• **Problem details**
Repeat exactly the lines of the entries below from the one with "saintseiya parodie 12" through the one with "Wine Tassel Charm", both ends included, and nothing else.

• **The data**
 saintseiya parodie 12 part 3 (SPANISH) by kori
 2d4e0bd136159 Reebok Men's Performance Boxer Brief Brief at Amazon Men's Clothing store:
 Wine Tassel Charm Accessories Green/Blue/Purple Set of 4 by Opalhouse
--
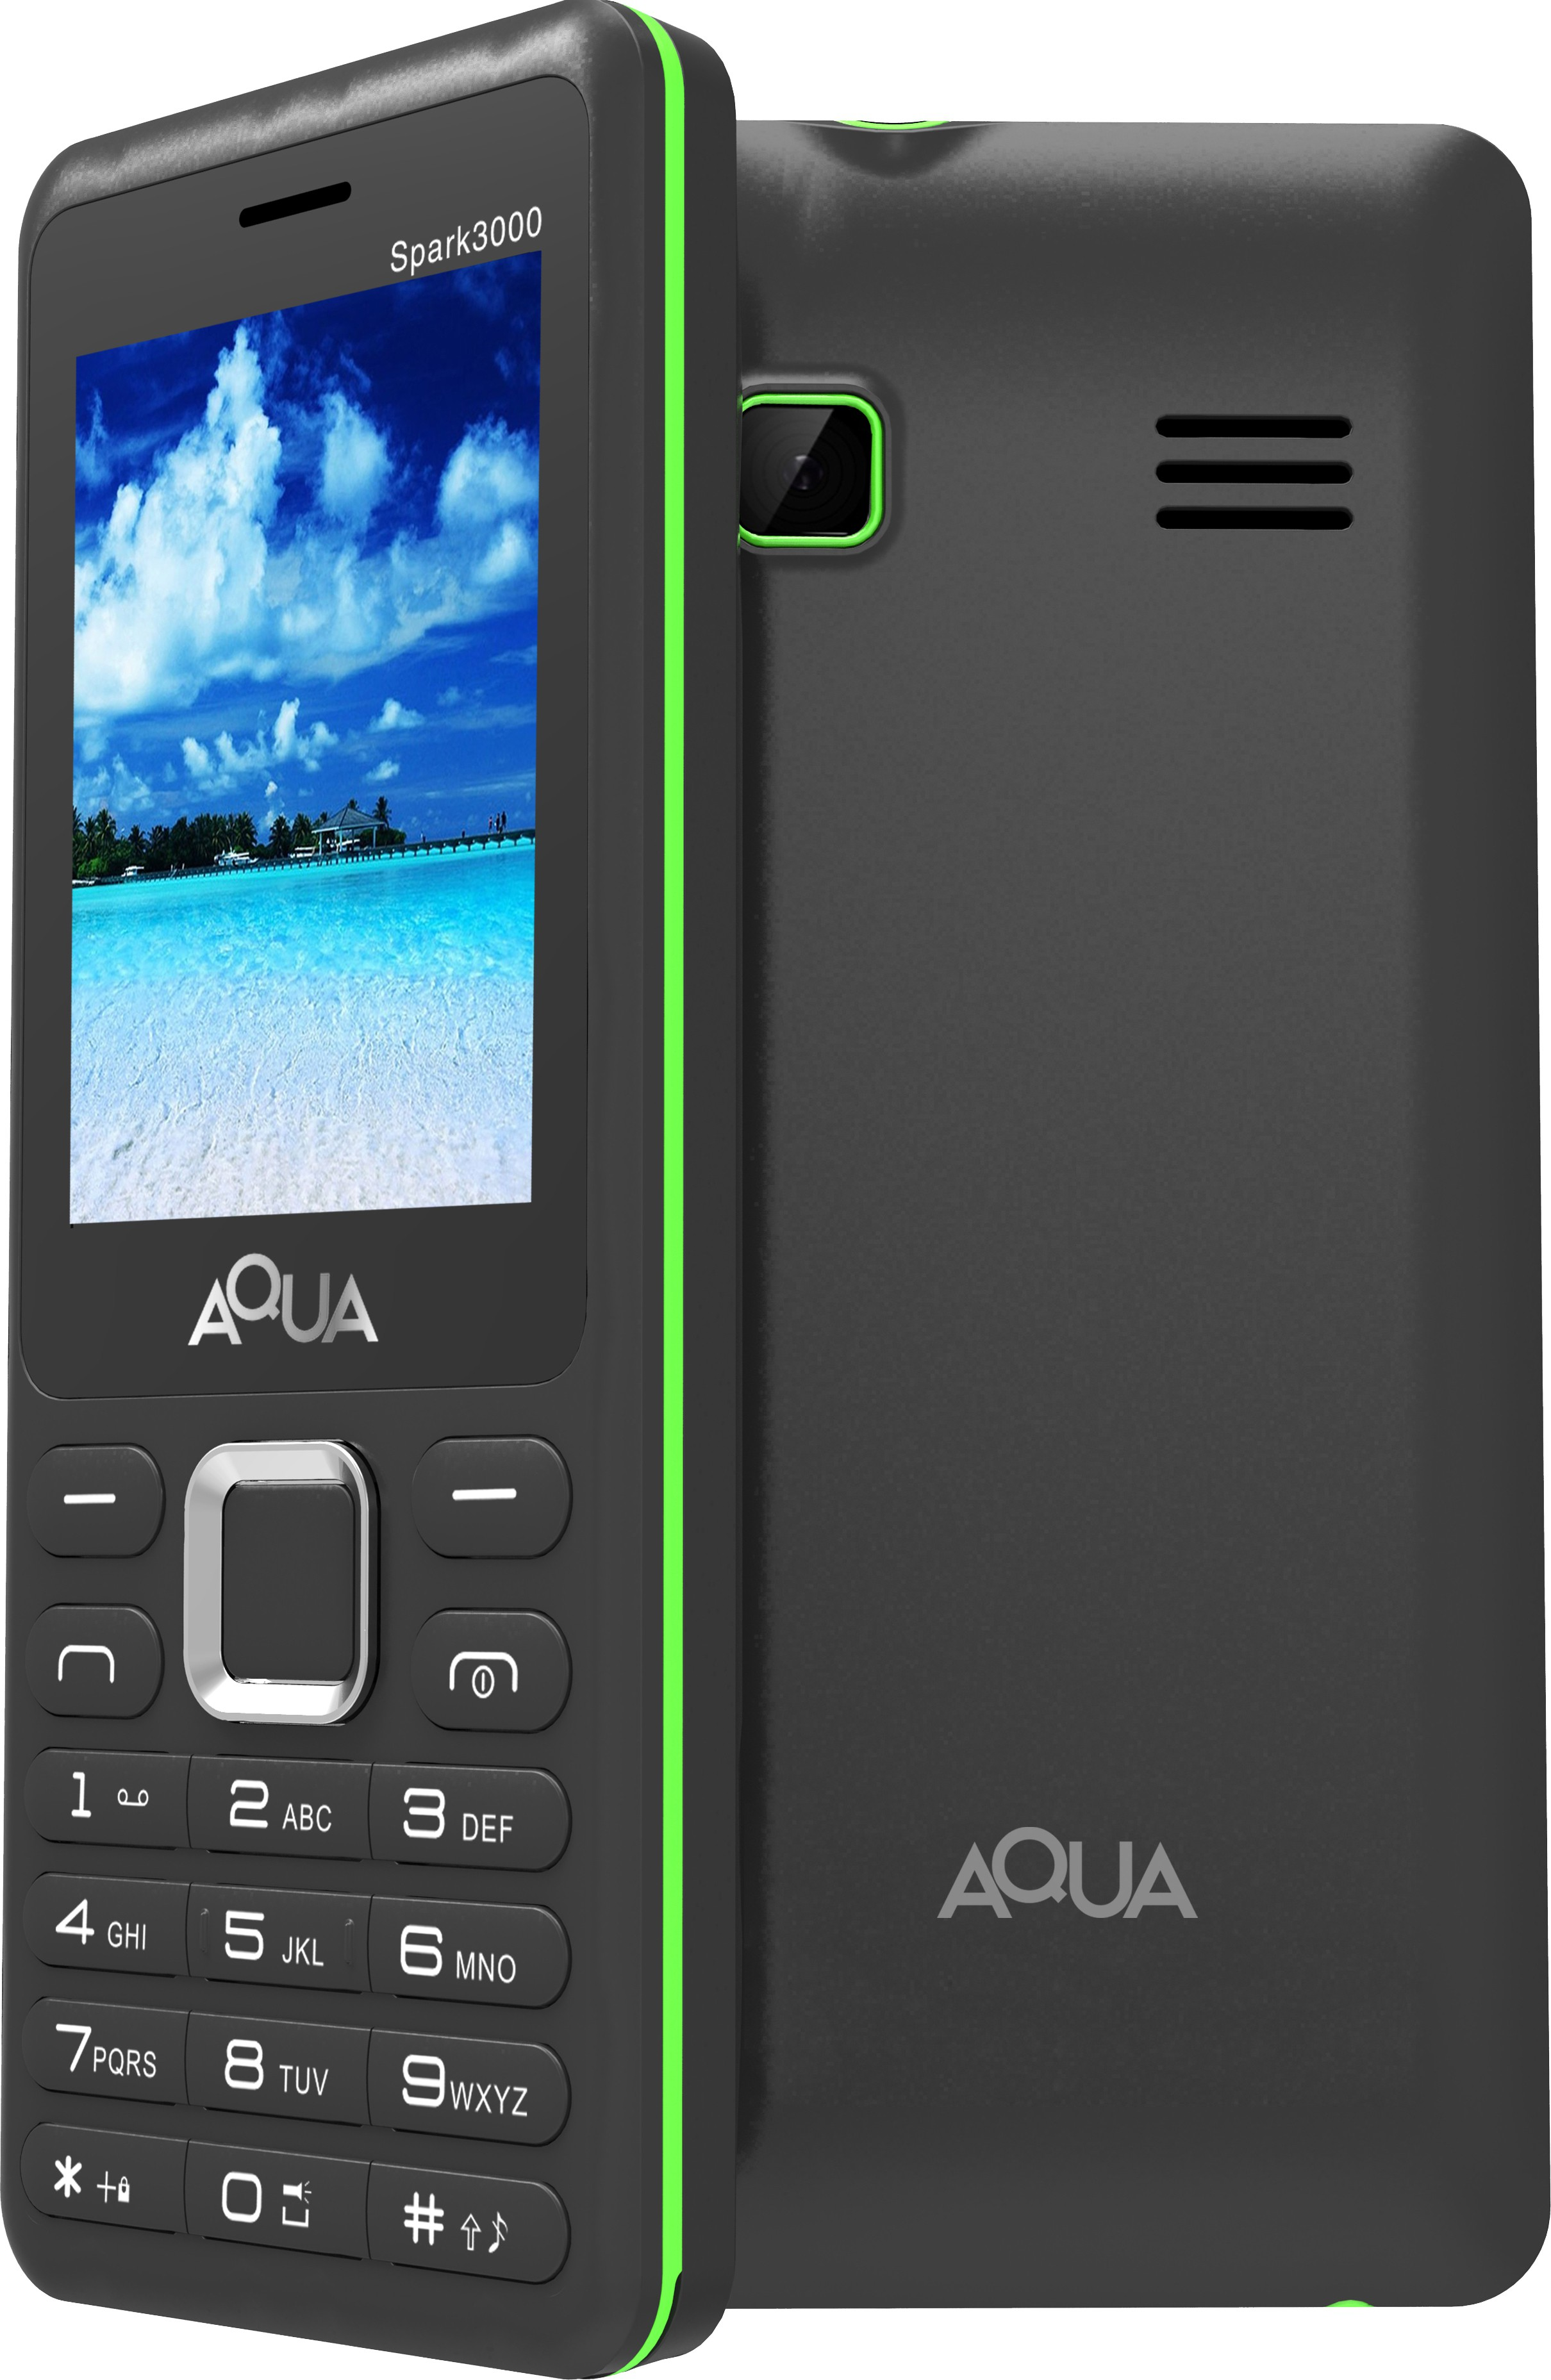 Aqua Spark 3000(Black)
...
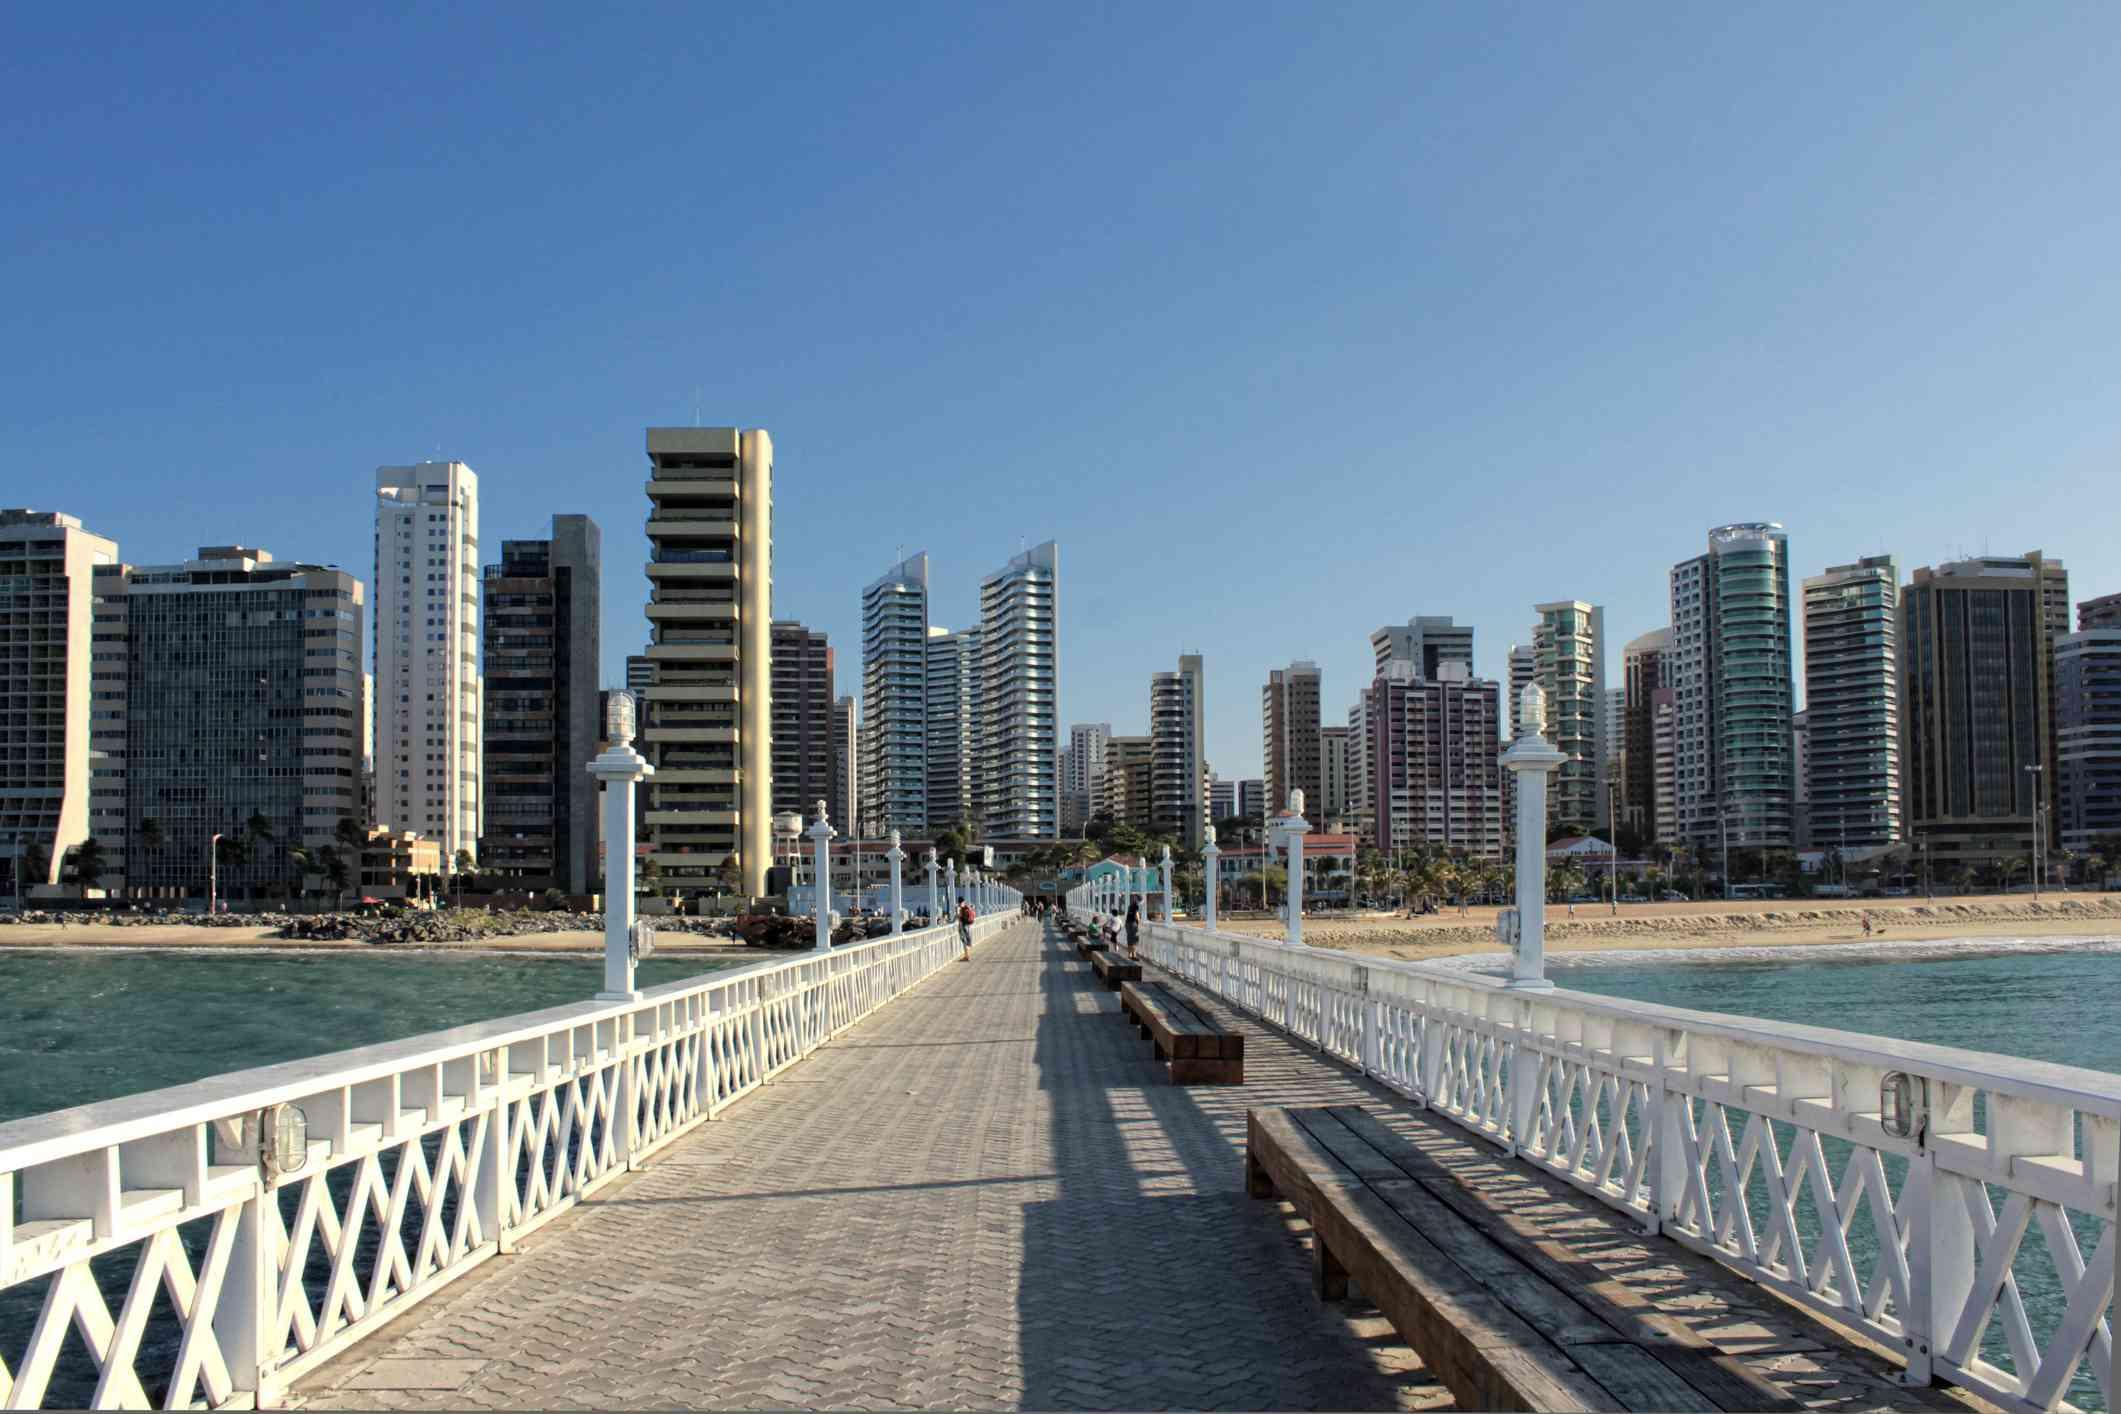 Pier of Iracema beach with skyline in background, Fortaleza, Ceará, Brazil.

• **Answer to the exercise**
 saintseiya parodie 12 part 3 (SPANISH) by kori
 2d4e0bd136159 Reebok Men's Performance Boxer Brief Brief at Amazon Men's Clothing store:
 Wine Tassel Charm Accessories Green/Blue/Purple Set of 4 by Opalhouse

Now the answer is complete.